I presume that is the reason why Alba’s conference arrangements committee has declined to put forward all of the anti-Nato motions submitted by branches for discussion at next month’s Greenock gathering.

That’s one indy party for, one against and one on the fence.

The practical problem is that leaving the UK will put Scotland out of Nato so we’d have to apply to rejoin. And that will need to go in any independence prospectus. Of course, it is possible to put the matter to a post-indy referendum. But regardless of the timing, Scotland will have to decide sometime where it stands on Nato – and hence on the nuclear death dance.

If you oppose nukes on moral grounds, you simply can’t support Nato membership because Nato is built on nuclear deterrence. The Nato website boldly declares: “Nuclear weapons are a core component of Nato’s overall capabilities for deterrence and defence … as long as nuclear weapons exist, it will remain a nuclear alliance.”

Indy Scotland might be able to get rid of UK nuclear subs and warheads at Faslane, but Nato membership will require we accept visiting US and allied ships and aircraft – remember that Prestwick Airport a major staging post for US Air Force planes.

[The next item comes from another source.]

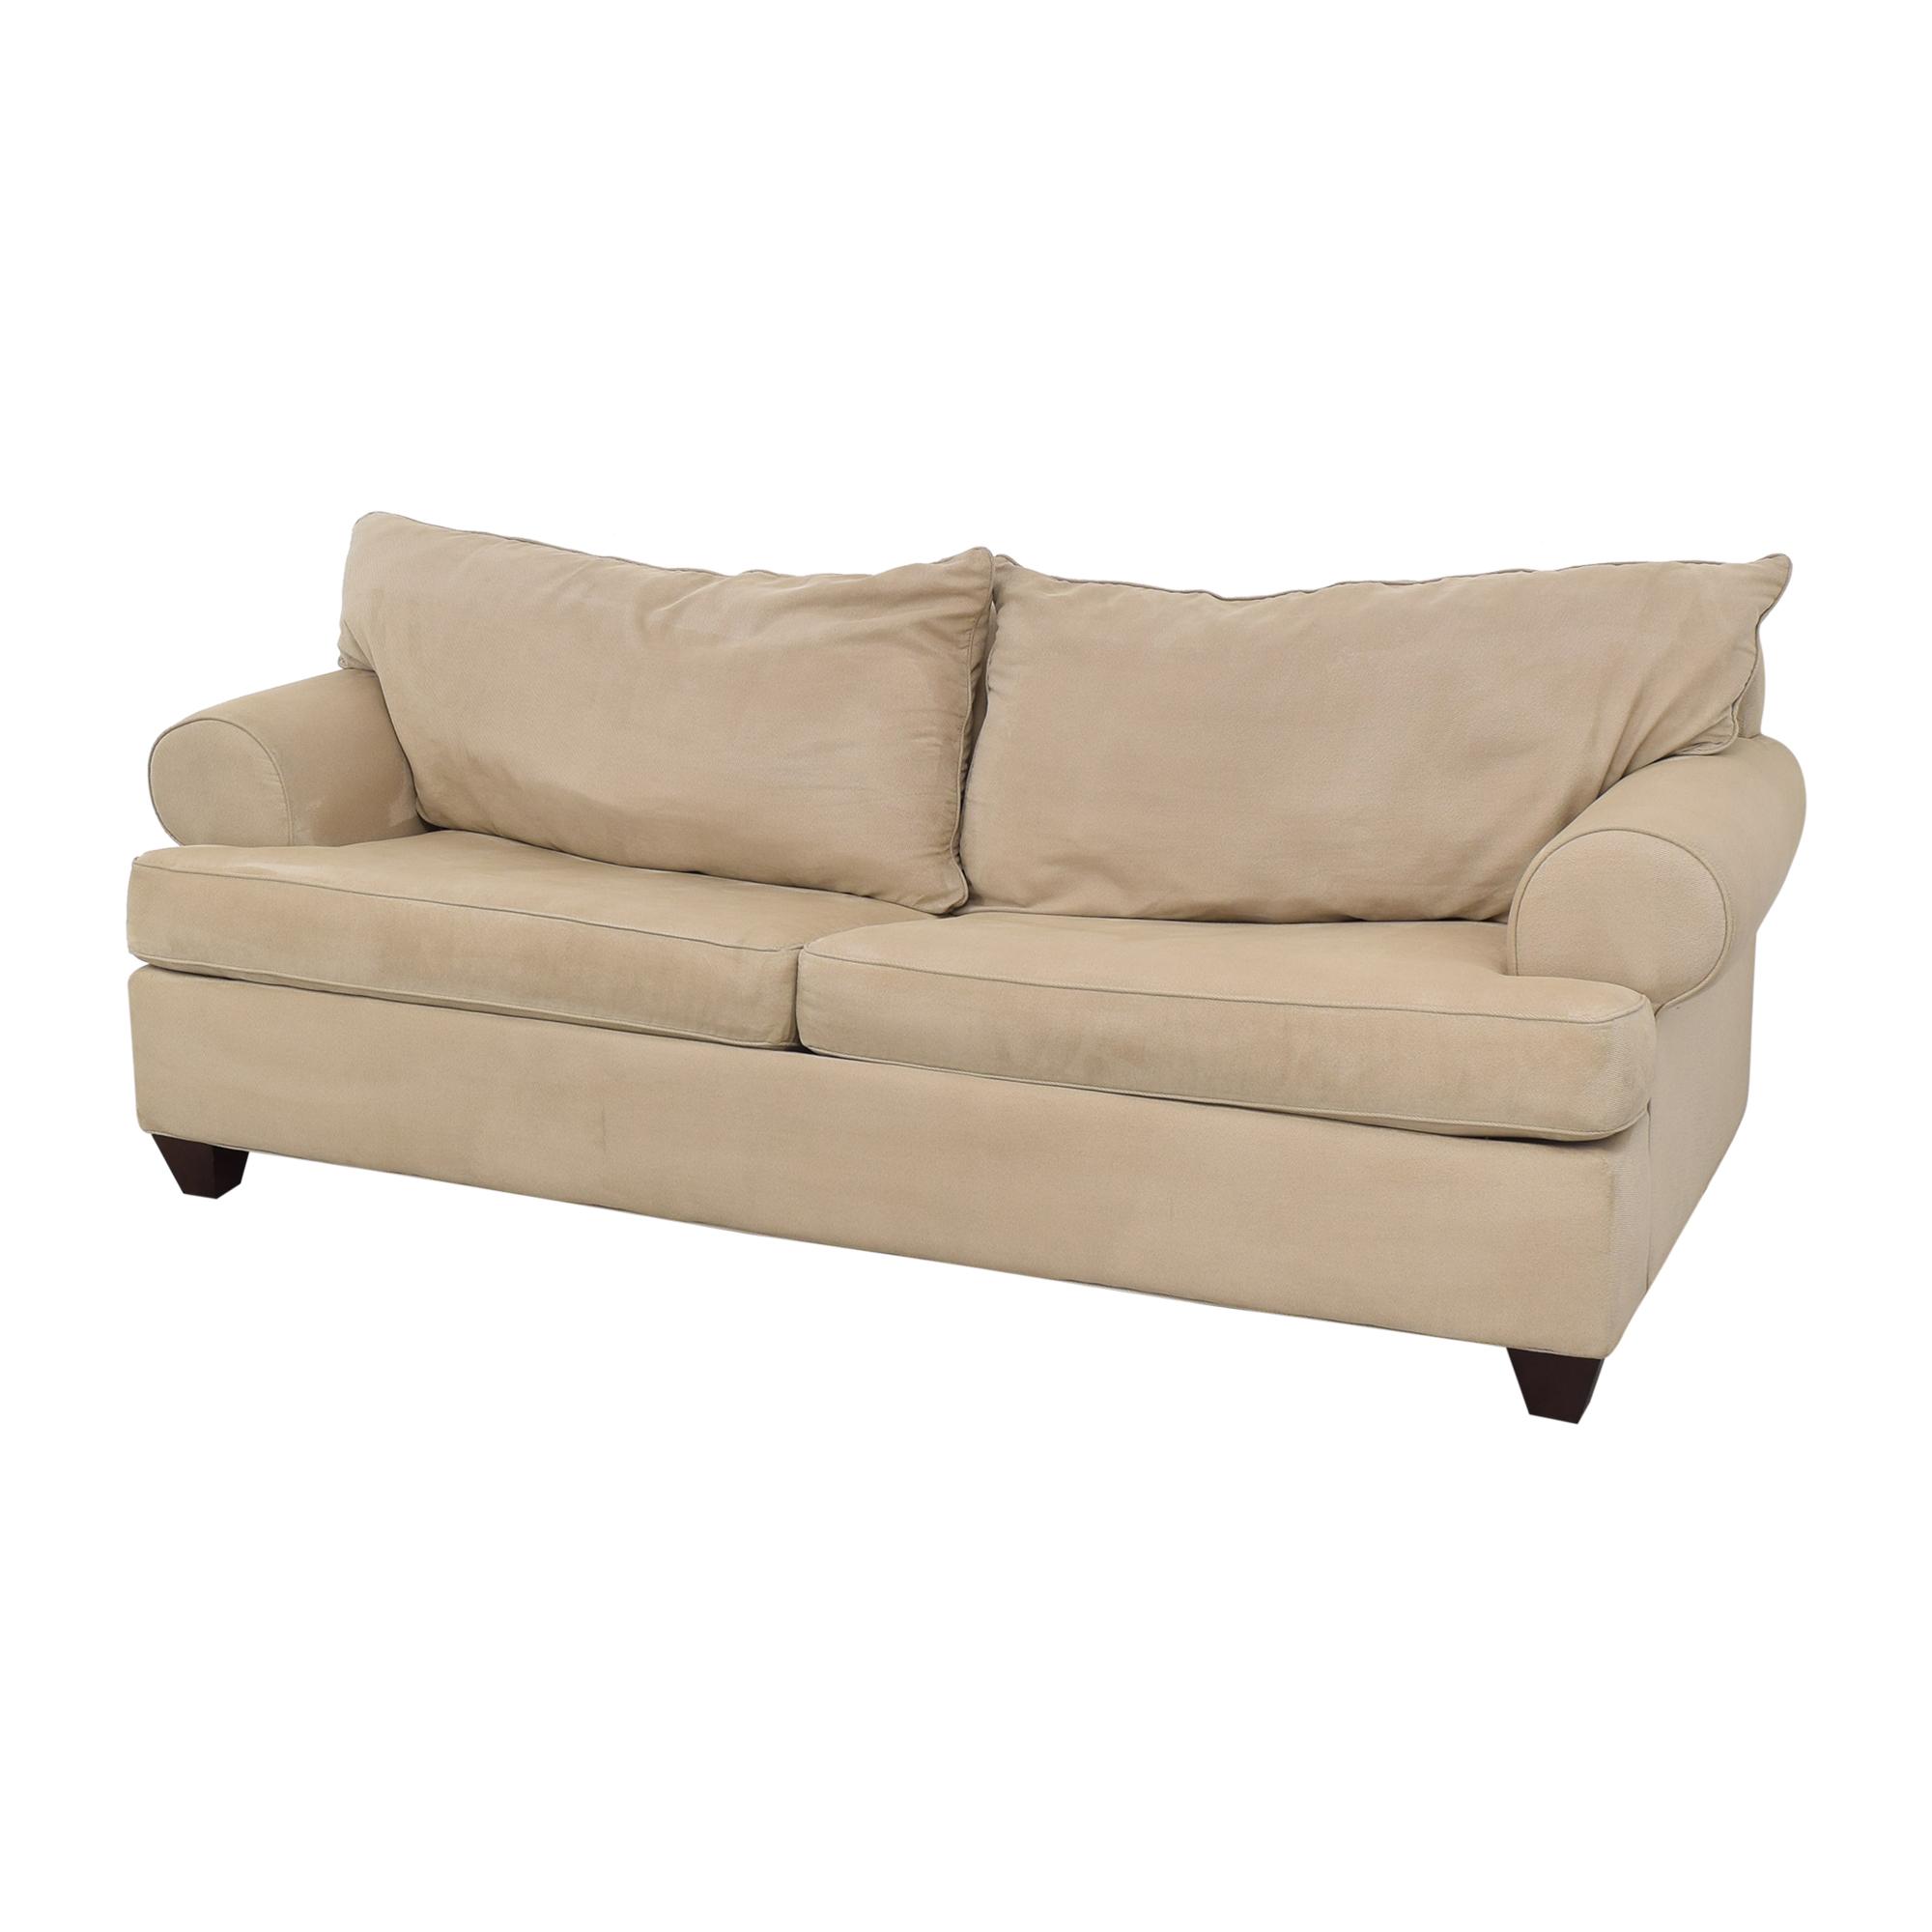 shop Raymour & Flanigan Raymour & Flanigan Sleeper Sofa online
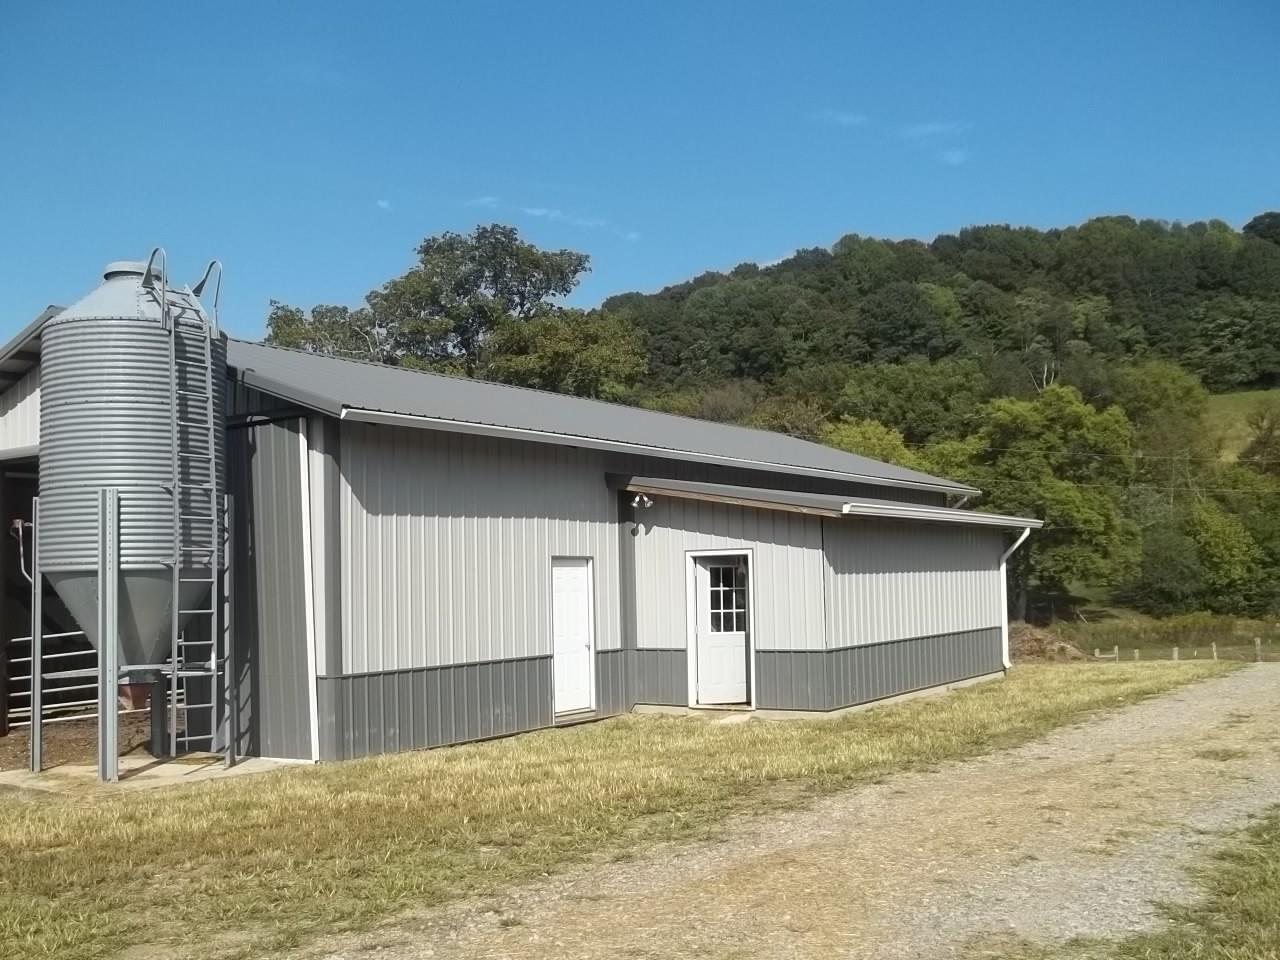 3498 John Allen Rd, Cornersville, TN 37047 - Cornersville, TN real estate listing

Those Nato visitors carry nukes. We might adopt a “don’t ask, don’t tell” policy as do Norway and Denmark, but that is diplomatic hypocrisy. Besides, both Norway and Denmark are part of Nato’s Nuclear Planning Group.

The National:

There is another argument in favour of Scotland eschewing Nato membership, besides moral abhorrence of nukes. Nato has long ceased to be a defensive alliance. It bombed Serbia in 1999. It invaded Afghanistan in 2001. It bombed Libya back into the Stone Age in 2011 (with SNP support).

A Scotland inside Nato would have been party to these actions. Scottish troops would have been sent to Afghanistan in their own right – and probably died there in vain just as have Scots serving with the British Army in Helmand.

This is not an argument for armed neutrality, which is the Irish position. But it is a plea for an indy Scotland to stay out of the nuclear arms race.

That is the message we should make at Saturday’s Faslane demo.